‘Hostages’ Pilot Recap: “A Bad Thing for a Good Reason”

Chances are, if you’ve watched anything on CBS in the last couple of months, you’ve probably seen a promo for ‘Hostages’, the network’s limited-run (unless it’s a smash hit, of course!) series starring Toni Collette as a married surgeon assigned to operate on the President of the United States, and Dylan McDermott as a mysterious terrorist who wants to make sure that the surgery ends in the President’s death. Does the show live up to the hype?

As the pilot episode gets underway, it’s obvious that the producers want us to know immediately that McDermott’s character, an FBI agent named Duncan Carlisle, isn’t a typical moustache-twirling villain. Viewers get to see him defuse a hostage situation at a bank, where he seems to shoot one of the hostages, only to reveal that it’s actually the criminal in disguise. We already know that he’s going to take Dr. Ellen Sanders (Collette) and her family hostage, but we also learn that there might be a pretty good reason for it, as Duncan visits his ailing wife in the hospital and promises her that everything is going to be okay.

While the Duncan character is fairly interesting, Sanders’ family seems to be more along the lines of standard TV drama fare, each with a secret to protect. Her husband Brian (Tate Donavan) is having an affair, her daughter Morgan is pregnant, and her son Jake has been buying pot from a local drug dealer. Of course, by the time Duncan takes the family hostage, he knows (or quickly learns) all of these secrets and uses them against the family to get their cooperation.

Duncan is supported by a small team of friends (fellow agents, perhaps?), all of whom seem 100% behind what he’s doing. When it comes time for Ellen to ask Duncan why he wants to kill President Paul Kincade (James Naughton), he basically tells her that it’s none of her business. He obviously has some sympathetic (if not convoluted) reason for his treasonous acts, but (naturally) revealing that in the first episode just won’t do, even if it might make his hostages much more cooperative.

Which brings us to the big question of the series, and one that I’m betting right now will fail to make any logical sense. We can take from the first episode that killing the President must have something to do with saving Duncan’s sick wife.

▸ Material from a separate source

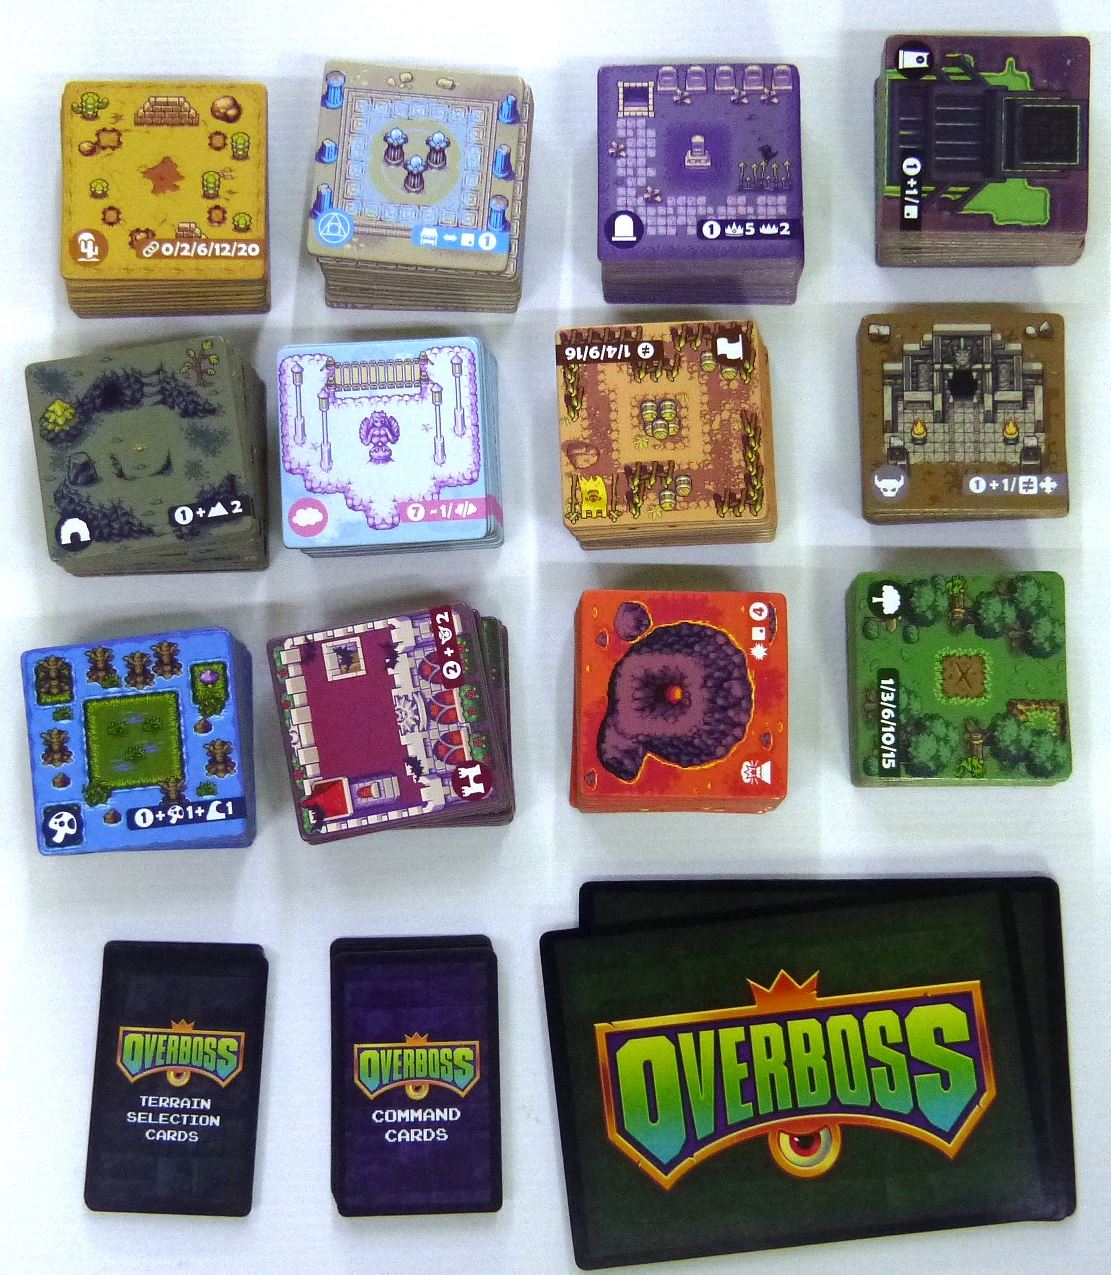 OVERBOSS Boardgame - board game #1LE

We also learn that Vice President Quentin Creasy (Jeremy Bobb) is in on the plot. So, obviously there’s something that Creasy can give or do for Duncan that Kincade can’t, or isn’t willing to. The President and Vice President have a conversation very early on about health care policy, and I pray that Duncan’s actions aren’t motivated by something as silly as a law the President might be about to pass. I fear that the final episode will have Duncan claiming that he had to kill the President because he was about to cut off funding for (or maybe ban) an important medical drug or procedure that will save his wife’s life. I hope that the solution will be more along the lines that the President is actually evil or corrupt in some way, but time will tell.

If the premise sounds like it might be better suited for a movie-of-the-week rather than a full-blown (albeit short at 15 episodes) series, you’re probably right. How do the producers deal with this issue? When Ellen goes to operate on the President, she makes sure that he “accidently” gets injected with some blood thinner, delaying his operation for two weeks – exactly the time needed for the remaining 14 episodes!

From a production standpoint, ‘Hostages’ is fairly well-made, though it has obvious green screen shots that try to establish the Washington, D.C. background. In terms of acting, the series suffers far more, as only McDermott and Collette are worth watching. Donavan doesn’t add anything to the mix, and the two actors playing the kids (as well as most of the rest of the cast) are pretty wooden.

The premiere of ‘Hostages’ on CBS this past Monday got pretty handily beaten in the ratings by NBC’s ‘The Blacklist‘, so unless a dramatic turn of events occurs, odds are that this series won’t go beyond its 15 episode run. I’m not sure that’s a bad thing.